`Transport` trait definition and in-memory implementation #363

akoshelev · 2022-12-23T01:10:00Z

As we discussed in #352, we need another abstraction on the network layer that is capable of sending messages and delivering events. This change brings the trait defition to main branch along with in-memory implementation for it (both @thurstonsand and I were working on it). TestWorld have been migrated to use transport layer too - hence the size of this change.

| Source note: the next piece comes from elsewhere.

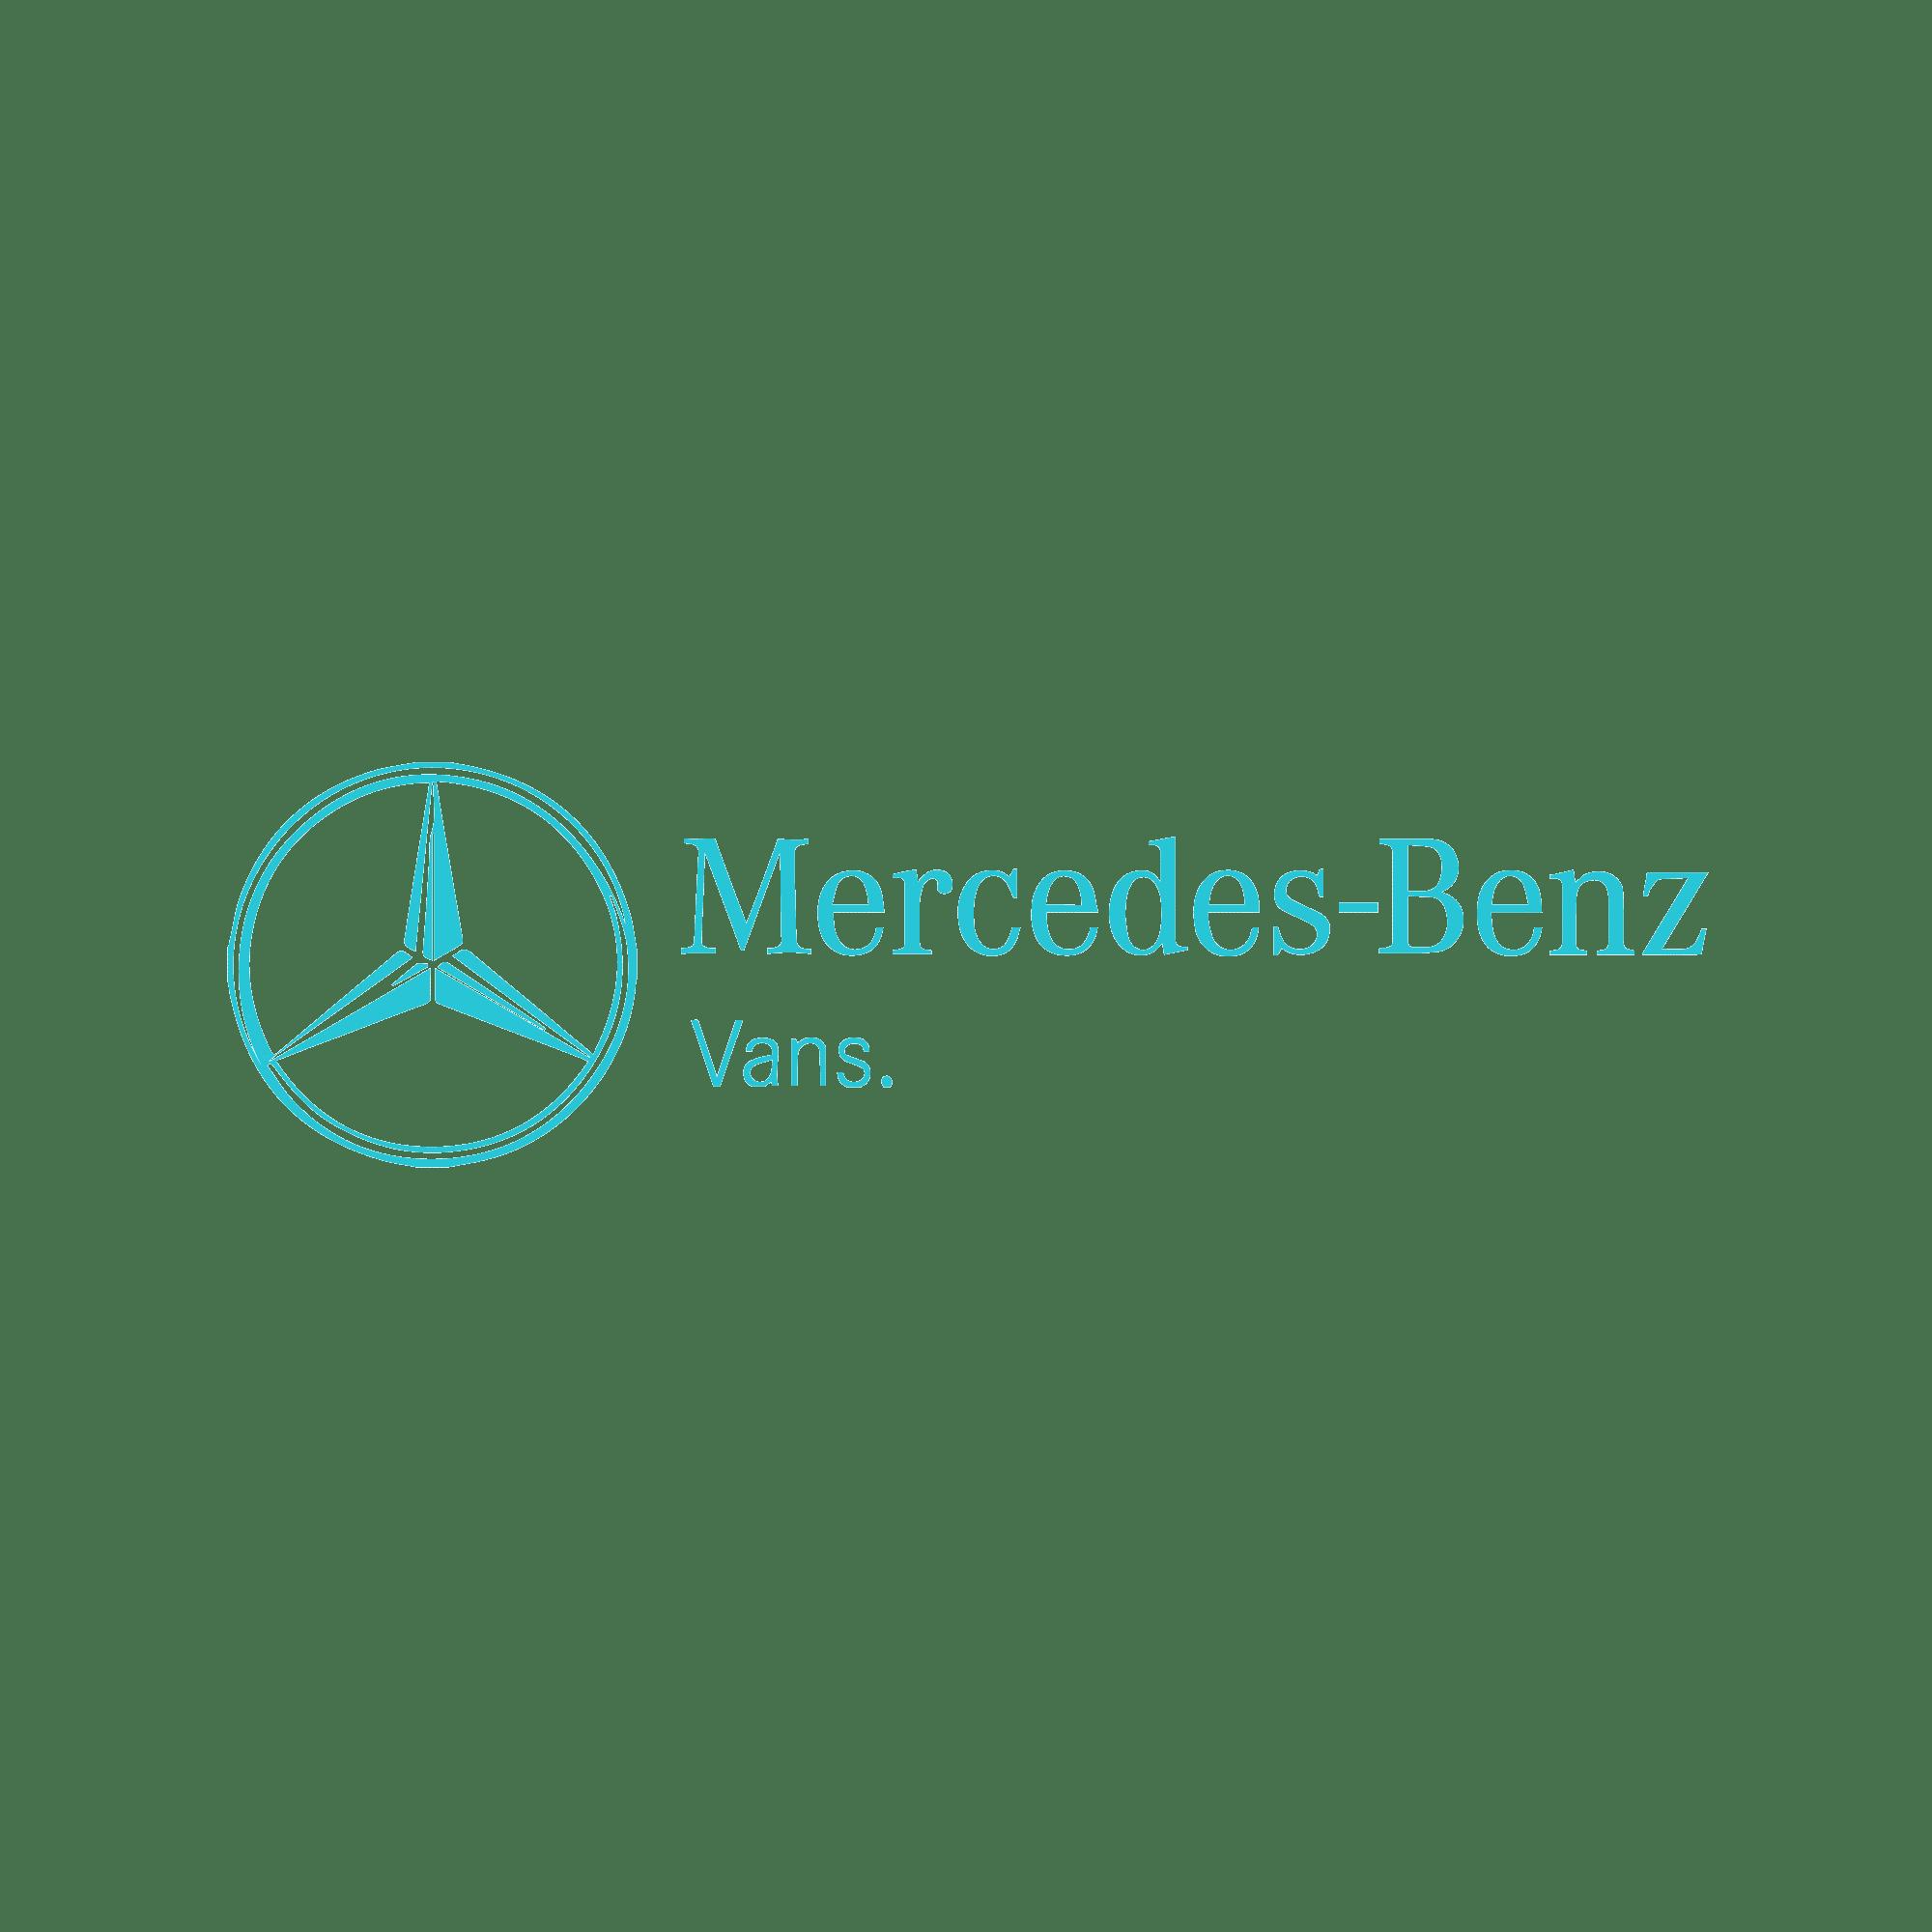 16zu9 mercedes-Benz vans kundenlogo türkis

The reason why I want to merge it to main is because @martinthomson, @andyleiserson are working on the same codebase at the moment and merging it later will be super painful.

We can focus this review around Transport trait definition, InMemoryTransport and Network structs. Other changes are pretty mechanical.

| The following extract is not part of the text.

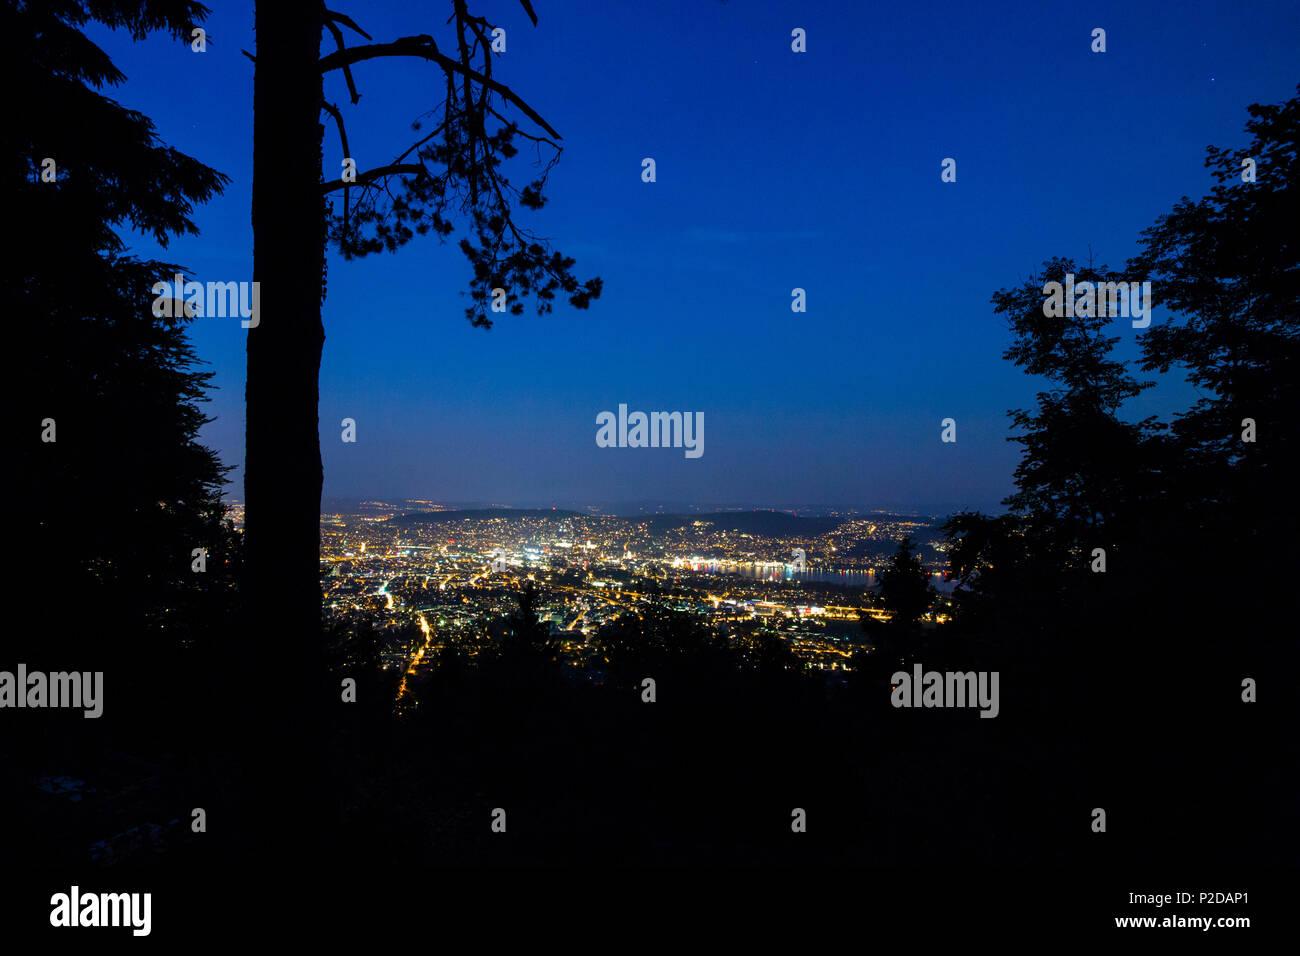 Zurich at night, View from the Uetliberg, Zurich, Switzerland - Stock Image

Some hooks to make it compile but nothing really works until I have in memory transport implementation

I really need to change `TransportCommand` definition, so interim commit is required

They require `Transport` adoption

Also fix a reordering bug inside the `Gateway` - you must wait until `Gateway` subscribes to the given query before returning

but it doesn't. Abort simply puts task into detached state and does not cause drop.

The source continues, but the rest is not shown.